The GEO data and our own verification data both show that the expression level of ATP1A2 is significantly reduced in aneurysms. Therefore, it is very interesting to reveal the molecular mechanism that regulates the reduction in ATP1A2 expression. TFs are one of the most important molecules that regulate gene expression by directly binding to the promoters of target genes. 34  Thus, to identify the TFs that regulate the expression of ATP1A2, the Signaling Pathways Project database is used to predict the TFs that bind to the promoter of ATP1A2. 28 A total of 103 TFs were obtained under the limit of ‘human’ in the Biosample Category and FDR <0.05. Then, we further screened these 103 TFs in Group 1 and Group 2 with adjusted p‐values <0.05. Twenty‐six TFs in Group 1 and fourteen TFs in Group 2 were eligible (Figure 6A, C). Among them, four TFs (AR, ARID3A, MXI1 and PGR) had the same expression pattern in Groups 1 and 2 (Figure 6B, D). To identify the TFs that potentially regulate ATP1A2, we performed Pearson's correlation analysis of ATP1A2 and common TFs (AR, ARID3A, MXI1 and PGR) in Groups 1 and 2 (Figure 6E, F). By applying absolute value of correlation coefficients >0.5 and p‐values <0.05, AR and ARID3A were shown to be correlated with ATP1A2 in both Group 1 and Group 2; specifically, AR was positively correlated with ATP1A2, and ARID3A was negatively correlated with ATP1A2 in the two groups (Figure 6E, F).

FIGURE 6.

FIGURE 6

Correlation analysis of ATP1A2 and potential TFs. (A, C) Heatmaps show the significantly expressed TFs that target ATP1A2 in Group 1 (A) and Group 2 (C), which are filtered by the Signaling Pathways Project database. (B, D) The expression levels of 4 common TFs (AR, ARID3A, MXI1 and PGR) in Group 1 (B) and Group 2 (D) are shown in boxplots. (E, F) Correlation analysis of ATP1A2 and four common TFs in Group 1 (E) and Group 2 (F)

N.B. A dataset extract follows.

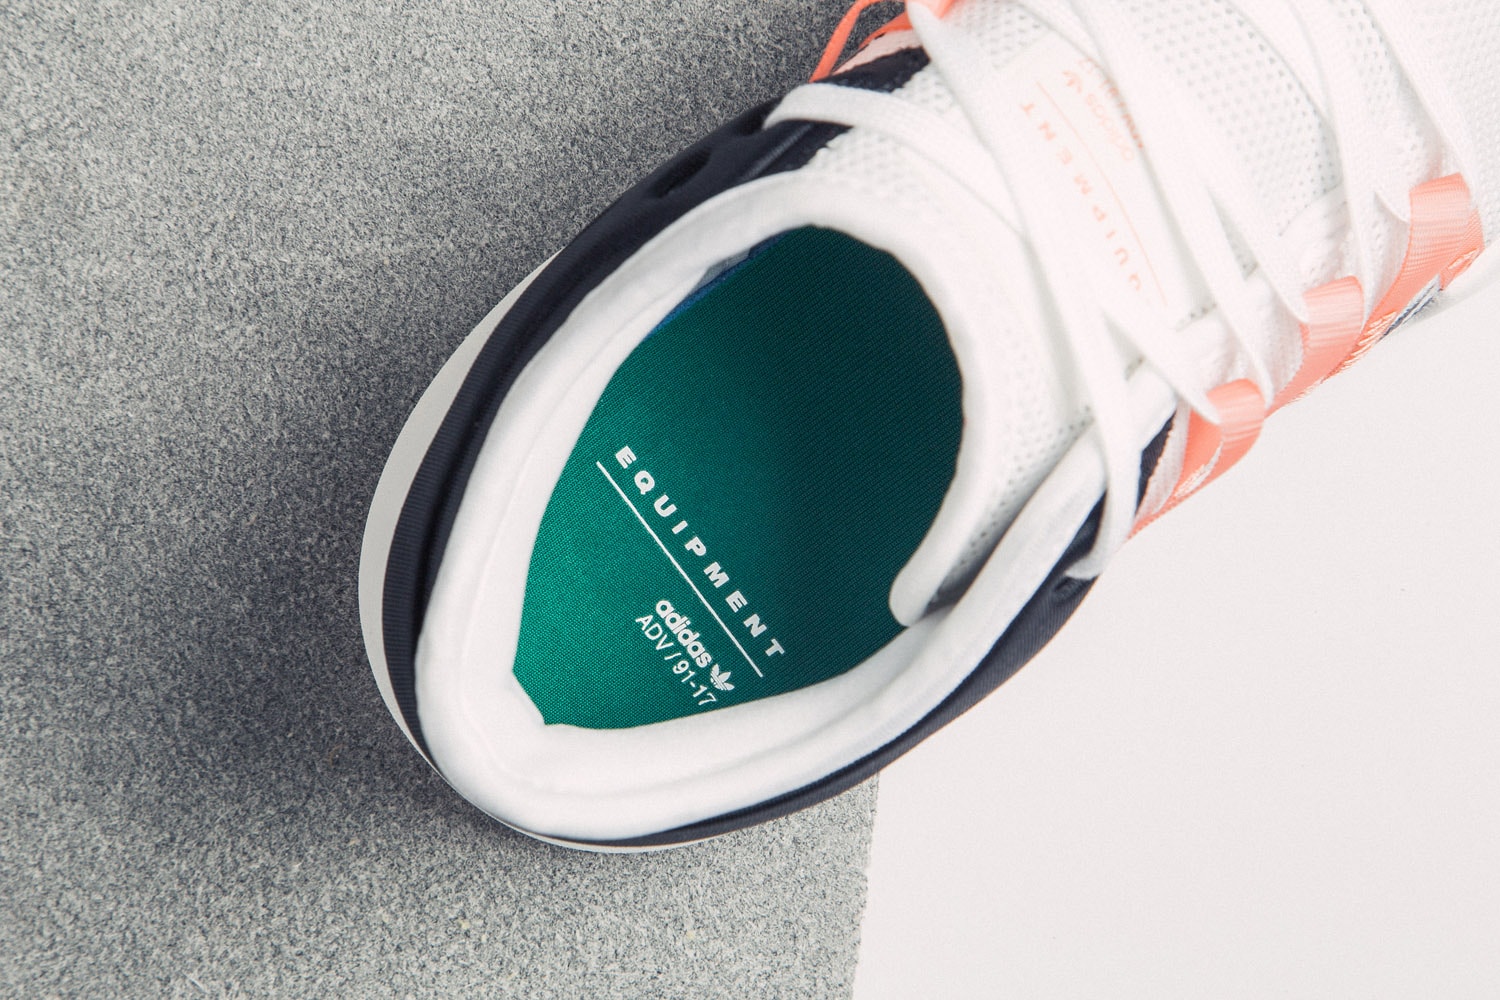 adidas Originals EQT Racing ADV "Chalk Coral" HBX HBXWMN Sneakers Shoes

3.6. ARID3A negatively regulates ATP1A2 expression in VSMCs

Based on the correlation analysis of ATP1A2 and candidate upstream TFs, AR and ARID3A were regarded as potential TFs that regulate ATP1A2. Then, we cotransfected HEK293T cells overexpressing AR or ARID3A plus an ATP1A2 luciferase reporter vector. Given that AR requires activation by androgen to play a role in transcriptional regulation, 35 we adopted different concentrations of androgen analogs (testosterone propionate, TP) to activate AR. The results showed that regardless of TP stimulation, overexpression of AR did not significantly increase the expression of ATP1A2 (Figure 7A), while overexpression of ARID3A resulted in an approximately 50% reduction in ATP1A2 (Figure 7B). Furthermore, ARID3A was overexpressed in primary cultured human aorta smooth muscle cells (HASMCs) through lentivirus, and ATP1A2, but not ATP1A1 was obviously suppressed by ARID3A overexpression (Figure 7C, D). These results indicate that ARID3A is the TF that binds to the promoter of ATP1A2 and inhibits its expression. Furthermore, scRNA‐seq data analysis implies that the increased ARID3A in AAA might be derived from macrophages (Figure S4).

FIGURE 7.

FIGURE 7

ARID3A inhibits the expression of ATP1A2. (A) Luciferase assays showing the effects of AR overexpression on the regulation of ATP1A2 expression (n = 6), TP: testosterone propionate. (B) Luciferase assays showing the effects of ARID3A overexpression on the regulation of ATP1A2 expression (n = 6). (C, D) Overexpression of ARID3A decreased the expression level of ATP1A2, as determined by Western blot (n = 3). Data are presented as the mean ± SD. **p < 0.01; ns indicates no significance vs. controls, Student's t‐test.

4. DISCUSSION

Although the underlying pathophysiological processes responsible for AAA have been extensively studied in recent decades, the mechanisms associated with these processes during the formation and progression of AAA are still incompletely understood. To provide novel insights into the pathological mechanism of AAA, the present study utilized human and mouse datasets from the GEO database to assess the transcriptome profiles of aneurysmal and nonaneurysmal abdominal aorta. Furthermore, functional enrichment analysis was performed to provide a greater understanding of the processes involved in AAA, which provided us with a more global picture of the pathology based on the annotated pathways rather than isolated genes. In addition, the current study identified a new candidate gene, ATP1A2, which was downregulated in all datasets and further verified in experimental studies. We believe that reduction in ATP1A2 contributes to the initiation and progression of AAA, affecting vascular integrity due to its roles in the regulation of blood pressure and ion homeostasis.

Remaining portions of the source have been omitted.